Geotechniek 2002, nr. 4

LET OP: Van de jaargangen tot 2007 zijn - op een paar uitzonderingen na - alleen de abstracts beschikbaar. Vanaf 2007 is van ieder artikel ook een .pdf beschikbaar.

Resultaten van een uitgebreide grondonderzoekscampagne in de Boomse klei te Sint-Katelijne-Waver (deel 2)

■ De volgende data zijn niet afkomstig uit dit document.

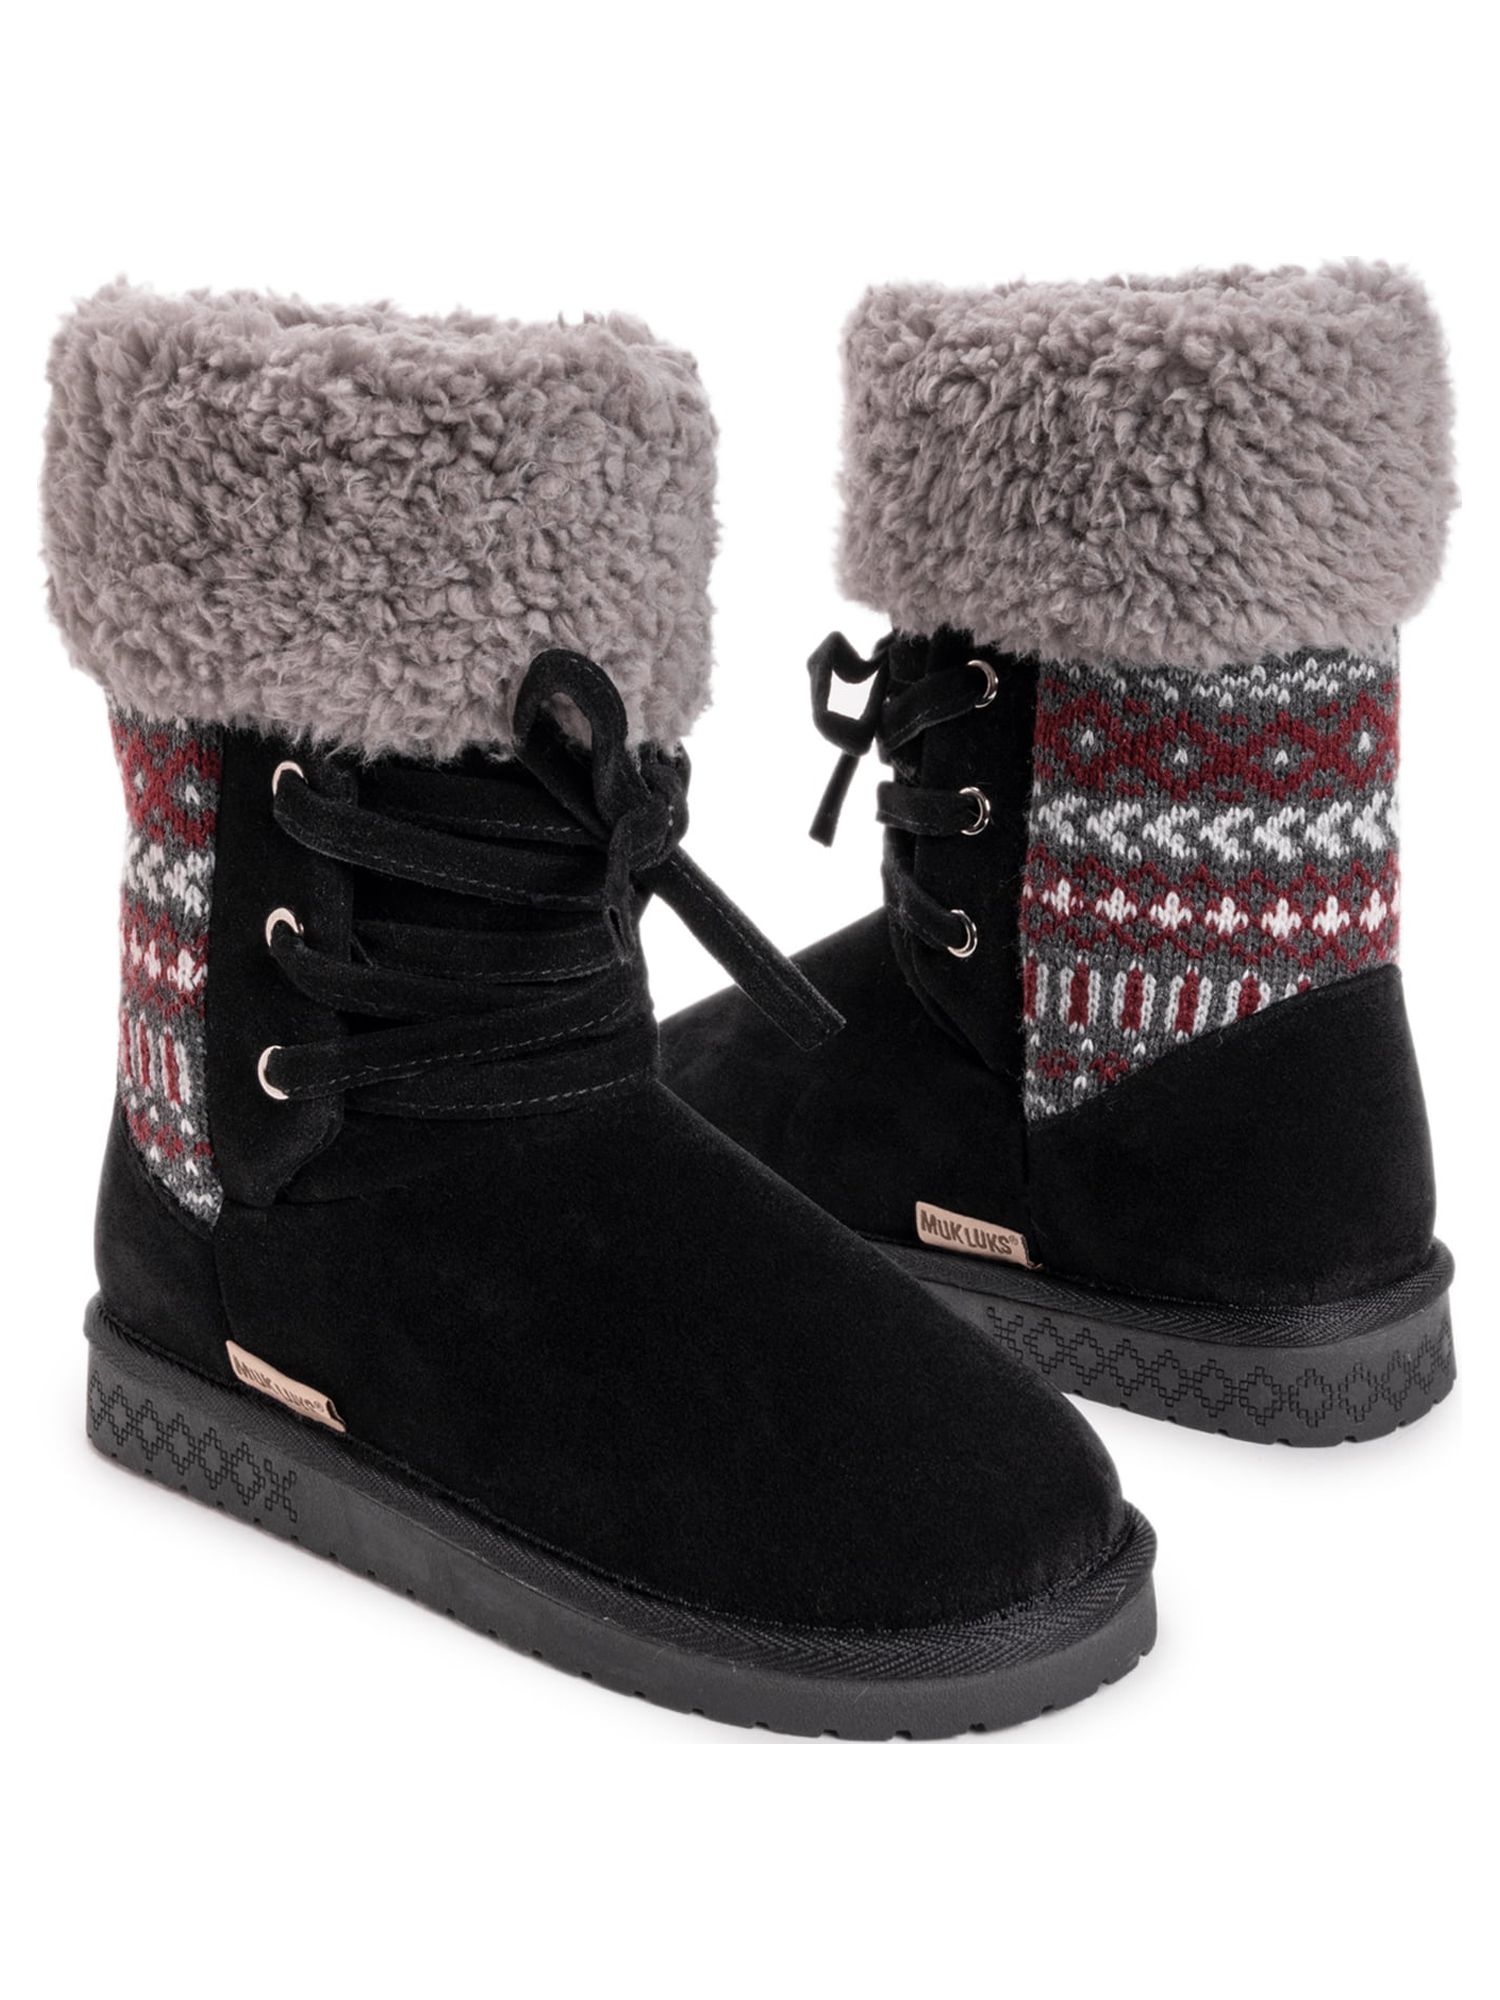 Muk Luks Women's Melba Faux Fur Lined Lace Up Booties (Wide Width Available) - image 4 of 8

Noël Huybrechts, Jan Maertens en Patrick Mengé, Geotechniek nr. 4, oktober 2002, pagina 18

In het kader van een onderzoeksproject over het draagvermogen van grondverdringende schroefpalen werd op een terrein te Sint-Katelijne-Waver een omvangrijk grondonderzoek uitgevoerd. De ondergrond van dit gebied bestaat uit overgeconsolideerde Tertiaire Boomse klei. Het meetprogramma omvatte mechanische sonderingen (continue en discontinue), elektrische sonderingen, Menard pressiometerproeven, seismische sonderingen en seismische oppervlaktemetingen (SASW, refractie). In het laboratorium zijn classificatieproeven uitgevoerd alsmede triaxiaalproeven (CU en UU) met Benderelementen in de cel. Er wordt een correlatie gemaakt tussen de verschillende metingen. In een vorige bijdrage in Geotechniek (Geotechniek 2002 nr.3, pagina 14) werden de resultaten van de 12 statische paalbelastingsproeven beschreven.

Het gedrag van een afgezonken tunnel als gevolg van een aardbeving

J.M. Middelkamp, J. Herbschleb, U.F.A. Karim, Geotechniek nr. 4, oktober 2002, pagina 32

Een afgezonken tunnel in Griekenland is gebruikt als onderwerp voor een dynamische eindige elementenanalyse om de invloed van de grondsoort en de kracht van de aardbeving op het tunnelgedrag tijdens een aardbeving te bestuderen. De aardbevingsbelasting resulteert in een enorme horizontale tunnelverplaatsing, waarbij de tunnel als een stijf lichaam beweegt. De tunnel lijkt de krachten als gevolg van de dynamische belasting op te kunnen nemen zonder te bezwijken. De grondsoort is van ondergeschikt belang voor het dynamische tunnelgedrag, terwijl de kracht van de aardbeving een grote rol speelt. De resultaten van de numerieke analyse vormen de invoer voor een semi-analytische bepaling van de verwekingsgevoeligheid. Uit de resultaten volgt dat verweking een belangrijk bezwijkmechanisme is. Naast de kracht van de aardbeving blijkt ook de grondslag van grote invloed op de verwekingsgevoeligheid.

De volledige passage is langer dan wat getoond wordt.